Web-based solutions are great when we need to run projects on many different devices without installing or configuring things. It is accessible and easy to distribute. This exercise demonstrates how computer vision data can be mapped directly to sound synthesis in the browser. The system runs entirely in JavaScript, using:

  • MediaPipe Hands for real-time hand tracking (via webcam)

  • WebAudio for browser-based audio synthesis

No installation is required. Everything runs locally in the browser once the camera is allowed:

Click for Browser Notes

Works best in Chrome / Chromium (desktop). Use HTTPS or https://localhost and click Start once to unlock audio.

  • Chrome / Edge (desktop) – full WebAudio + camera support; best iframe stability.
  • Firefox – reliable; may need an extra click in iframes.
  • Safari 16+ – HTTPS only; user gesture required; limited iframe camera access.
  • Mobile (Android / iOS) – slower tracking, rotation quirks, stricter permissions.
  • Older (< 2022) – missing WebAudio or MediaPipe WASM.
  • Privacy browsers (Brave / Vivaldi) – may silently block camera or WASM threads.
  • Incognito modes – often prevent persistent camera access.

Tip: Refresh after granting permission; use stable Wi-Fi; avoid nested iframes lacking allow="camera; microphone; autoplay".


The Details

We can download and run the code above on our local machine. This allows us to edit and adjust it as needed.

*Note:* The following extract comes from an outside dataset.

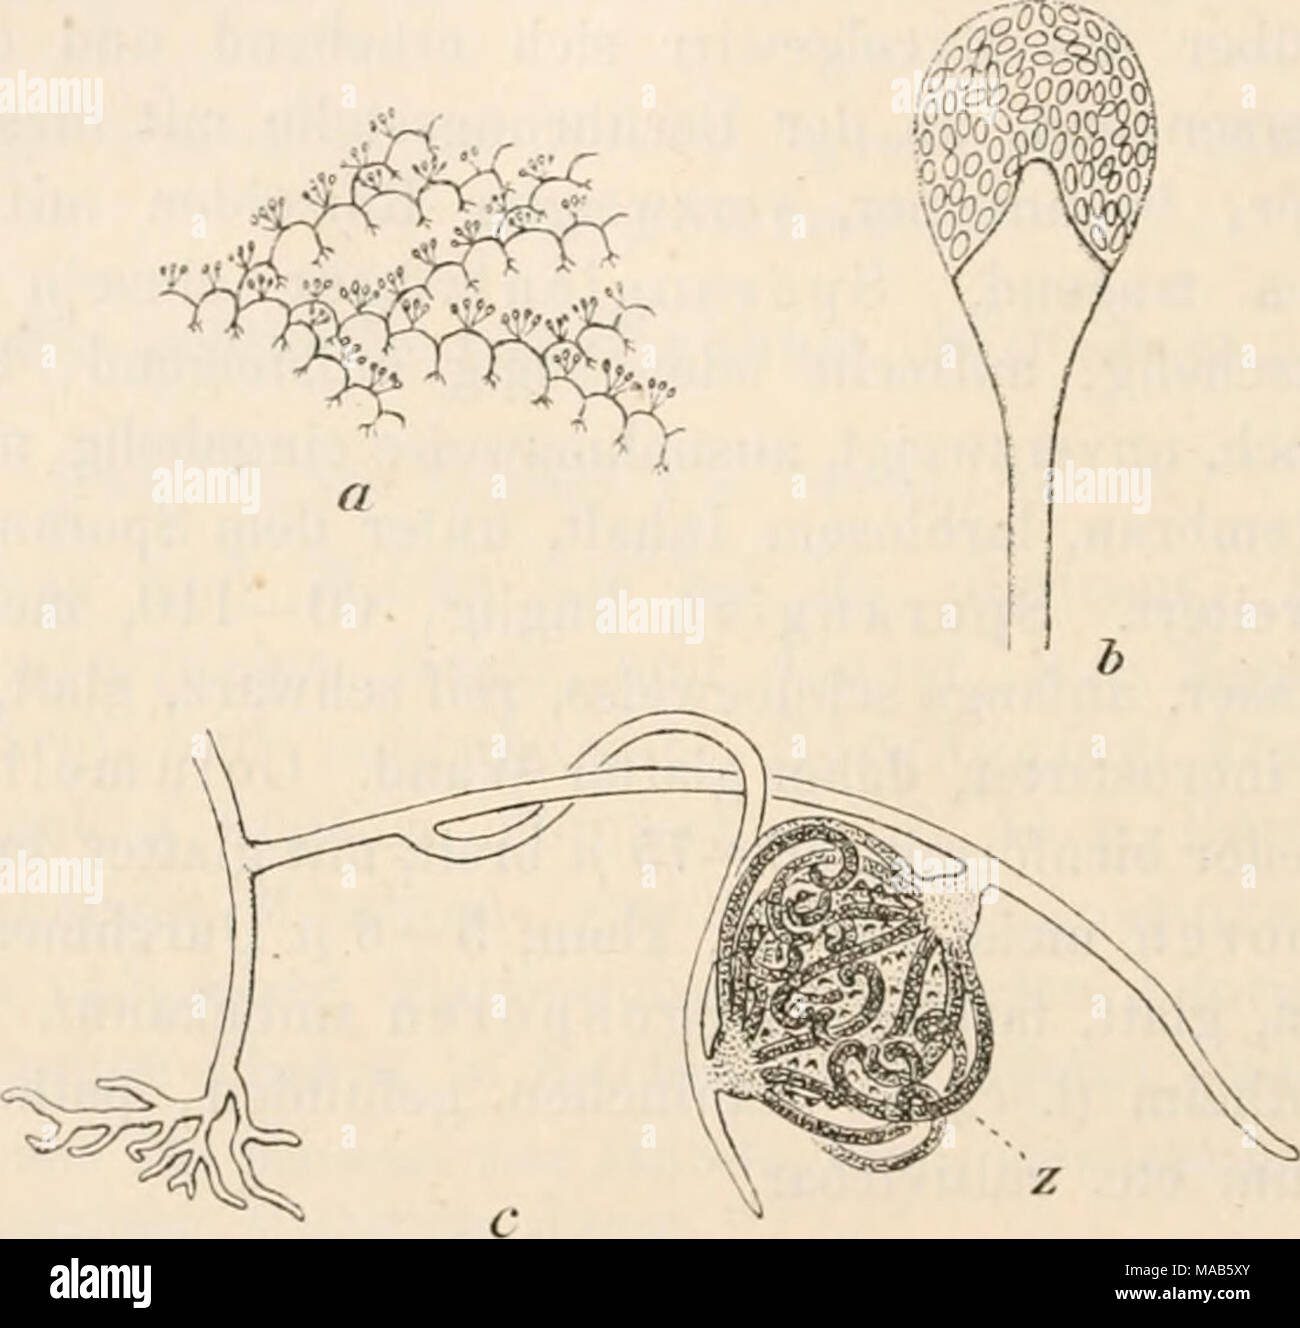 . Dr. L. Rabenhorst's Kryptogamen-Flora von Deutschland, Oesterreich und der Schweiz . Absidia. — a A. capillata. Eine Gruppe von Ausläufern mit bewurzelten Knoten und bogig gewölbten Internodien, auf deren Scheitel ein Sporangienbüschel steht (ungefähr natürliche Grösse, nach van Tiegheni). b A. capillata. Ein einzelnes Sporangiuni mit konischer Columella und Apophyse (Vergr. ca. 250, nach van Tieghem). c A. septata. Die bewurzelte Basis eines Ausläufers, über der ein neuer verzweigter Ausläufer entspringt, der eine Zygospore {z) trägt; diese ist eingehüllt in bischofstabartig gekrümmte Auswü Stock Photo

  • Save this HTML File by right-clicking and select save as.

  • Open the downloaded file with a browser to make sure it is running smoothly on your machine.
    • An internet connection is necessary for running the file, since it needs to access MediaPipe and WebAudio.

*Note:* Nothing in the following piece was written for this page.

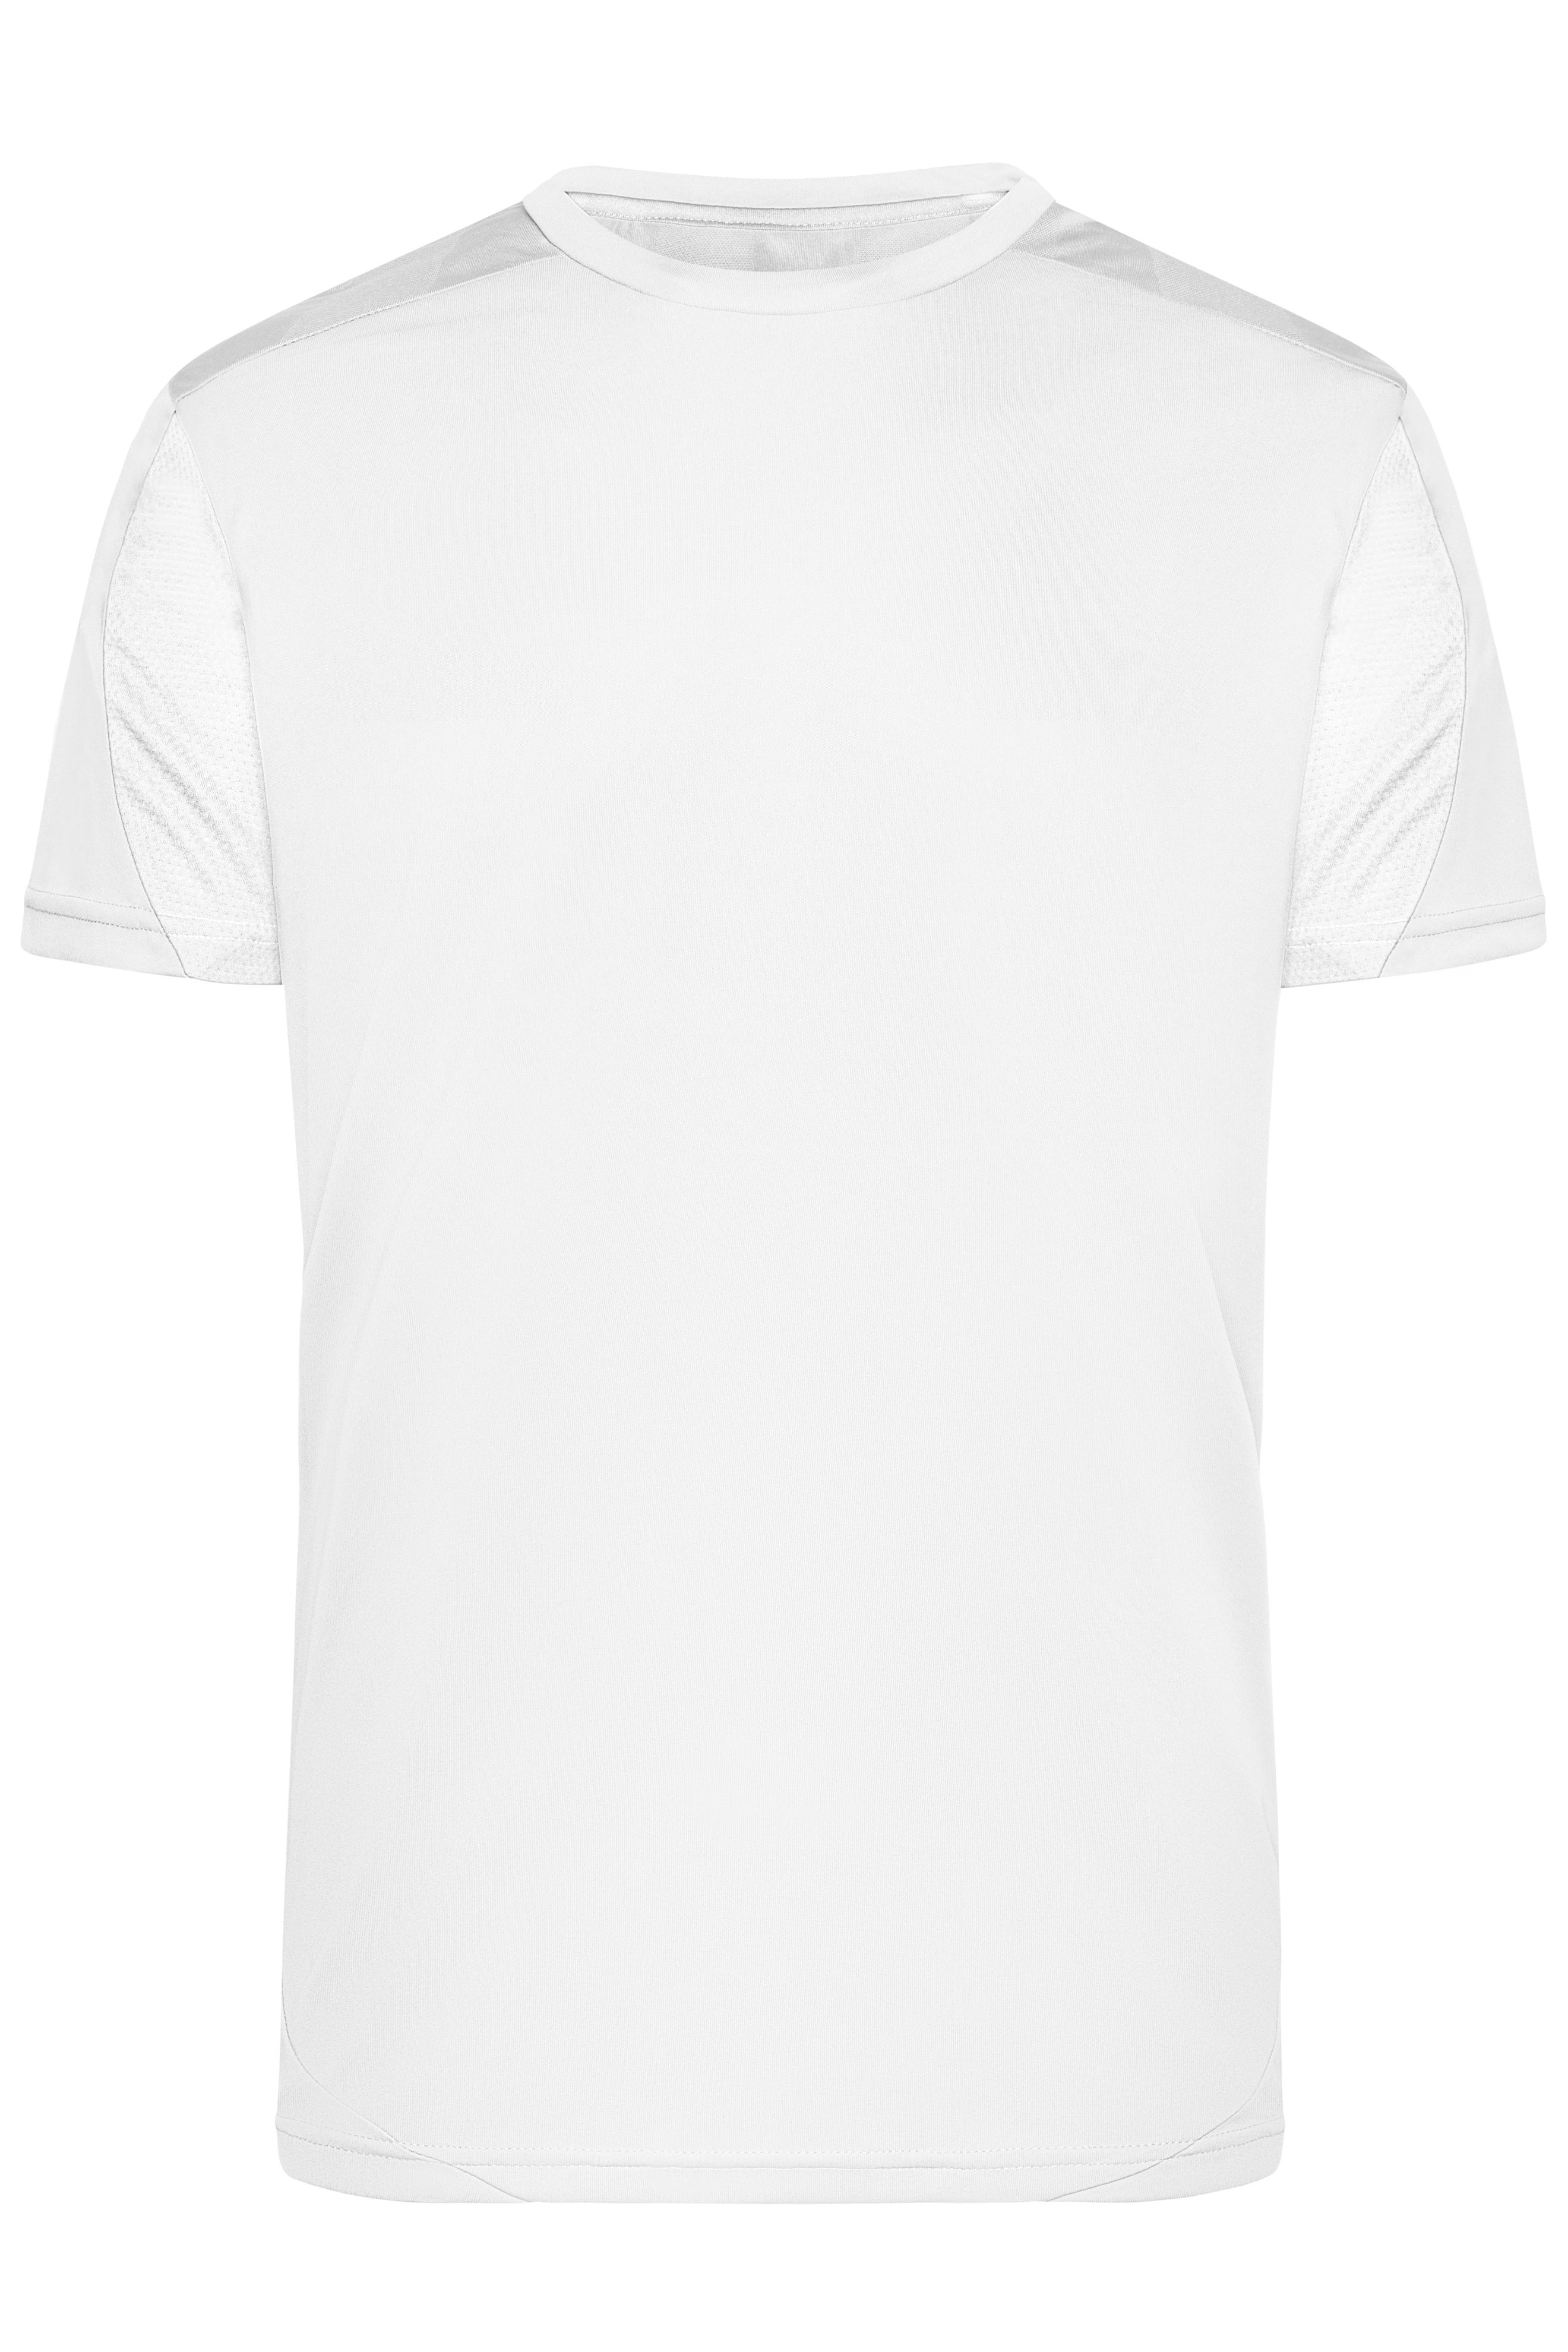 Unisex Tournament Team-Shirt White/white-Daiber

  • Open the HTML file in your editor of choice to understand and change:

Signal Flow

The program can be divided into three conceptual blocks:

  1. Vision tracking - The webcam feed is analyzed by the MediaPipe Hands model. - The position of the index fingertip is extracted in normalized coordinates (x and y between 0 and 1).

  2. Mapping - The X position (horizontal) controls pitch in MIDI note space. - The Y position (vertical) controls the filter cutoff frequency. - These values are scaled through the function mapXY().

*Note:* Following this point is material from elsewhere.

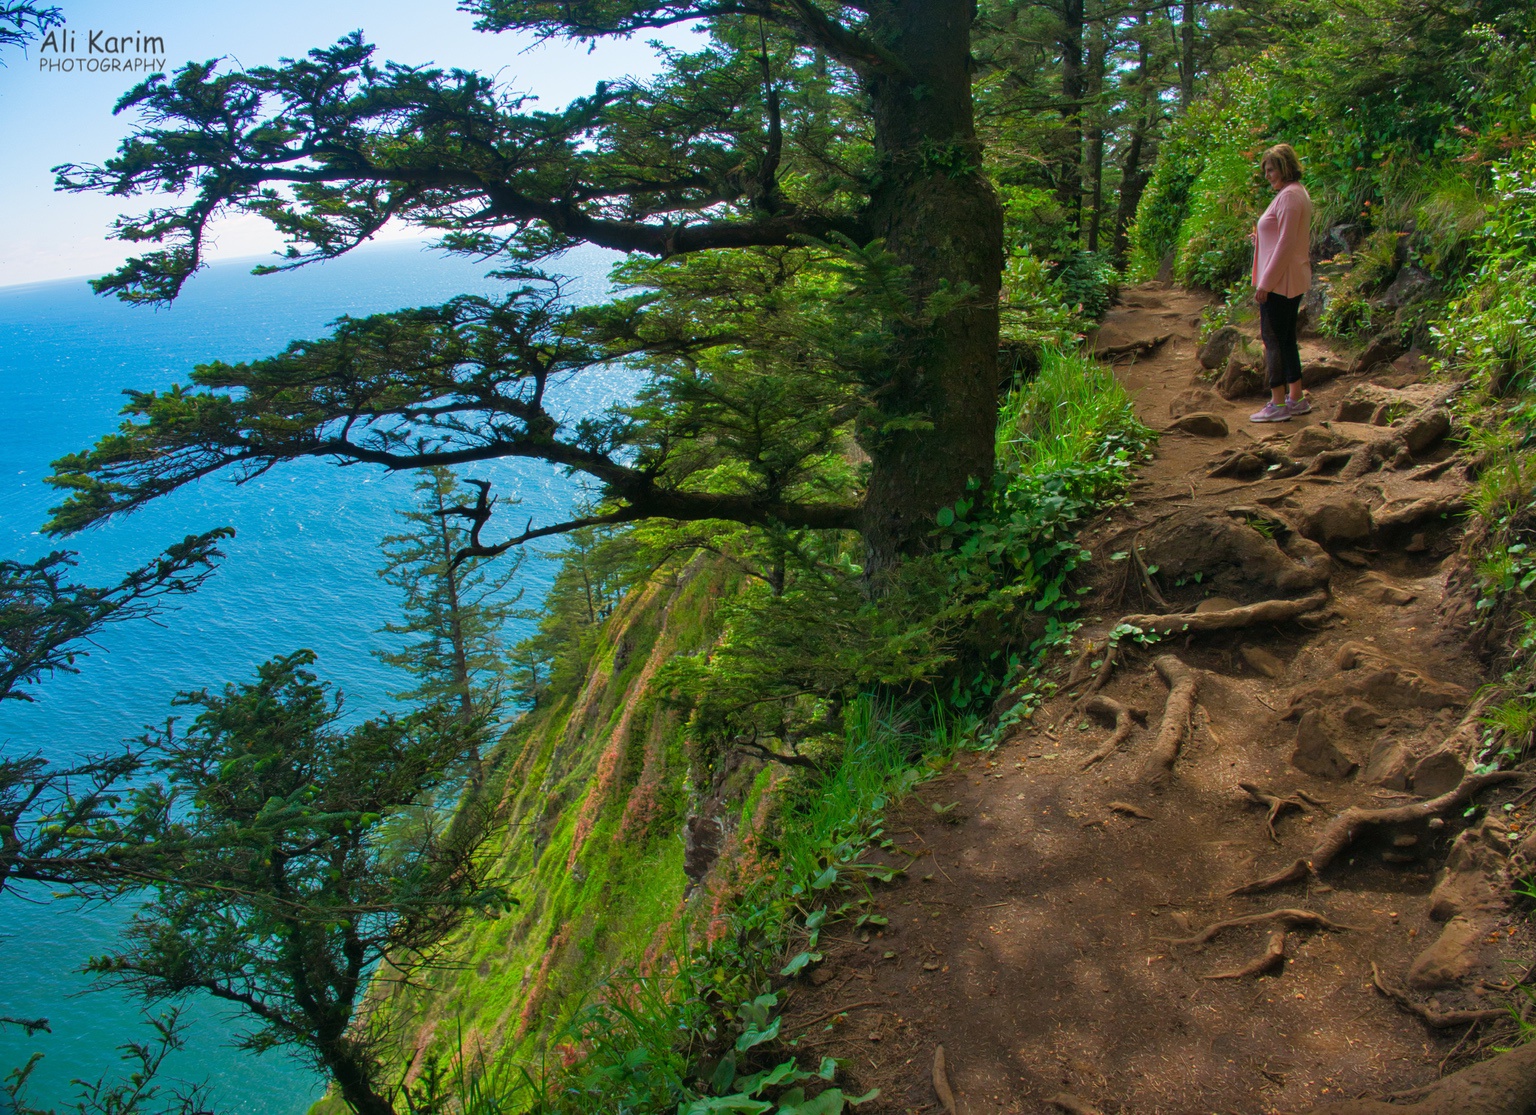 Oregon Coast Hwy 101 Trail was along steep cliffsides

  3. Sound synthesis - A single square oscillator feeds a low-pass filter. - The filter’s cutoff and the oscillator’s frequency are updated continuously according to the hand position.


Code Structure

The HTML file is organized into clear sections with comments:

  • Section A – Constants Adjustable numbers that define pitch and filter ranges. These are safe for students to modify.

  • Section B – Utilities Helper functions such as midiToHz() and clamp01().

  • Section C – AudioEngine A minimal subtractive synthesizer implemented with Tone.js.

  • Section D – VisionTracker A webcam interface and manual processing loop that stays stable inside iframes.

  • Section E – Application Glue Connects camera → mapping → sound, and updates the UI.

Within Section E, the function mapXY(iTip) is where students should experiment with the mapping between motion and sound.


Exercises

  1. Experiment with mapping Open the file and scroll to the section marked:

    === STUDENT SECTION: modify the mapping below ===

    Try these small edits:

    • Invert the horizontal control:

      const x = 1 - clamp01(iTip.x);
    • Quantize the pitch:

      const midi = Math.round(PITCH_MIN_MIDI + x * PITCH_RANGE);
    • Restrict the filter to a narrow band by lowering CUTOFF_MAX_HZ or raising CUTOFF_MIN_HZ.

  2. Add a new control parameter (optional) Use another landmark pair, such as the thumb tip (index 4), to compute a distance and map it to filter resonance Q.

  3. Reflect How does the choice of mapping affect the expressive quality of the interaction? What gestures feel most “instrumental”?